This review is going to be discreet about exactly what they find (readers wanting to avoid spoilers entirely are advised to avoid the festival’s program notes). However it’s probably not giving away too much to reveal that their actress and her family are caught in a viciously unfair web of circumstance, one in which male violence and the powerlessness of women are bolstered by the might of a theocratic judicial system. The woman’s plight – made worse by her low-class status and lack of money – starkly contrasts with the filmmaking couple’s upholstered existence.

This method of switching of goals mid-stream, so that the film turns out not to be what it initially looked like it was going to be about, also helped to distinguish Asghar Farhadi’s A Separation, last year’s winner of the Sydney Film Festival’s official competition and later the first Iranian film to win the Academy Award for foreign language film. That film’s title and opening scenes made it seem as if it would be a story about divorce – until events wrenched it into an unexpected direction.
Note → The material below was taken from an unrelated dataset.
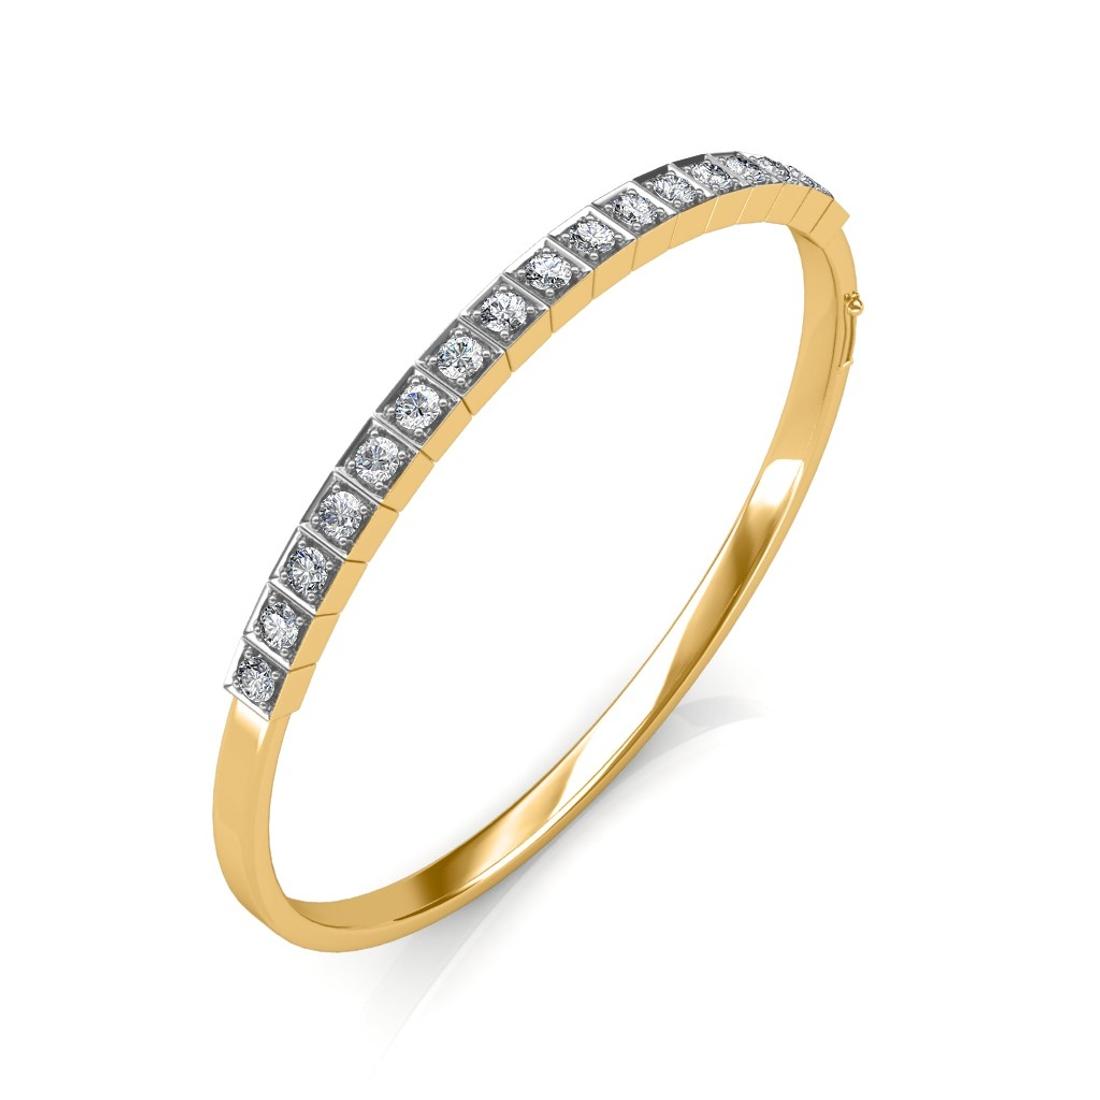 Sarvada Jewels' The Marie Bracelet

While filmed in a much breezier style than we’ve been used to seeing in Iranian cinema, this film essentially continues the blend of social realism with self-reflexivity practised by older Iranian directors such as Abbas Kiarostami, it just does it in a different way. Final Whistle (the title a reference to the soccer World Cup, which takes place during the period of the story) has two filmmakers as its leading characters for a good reason.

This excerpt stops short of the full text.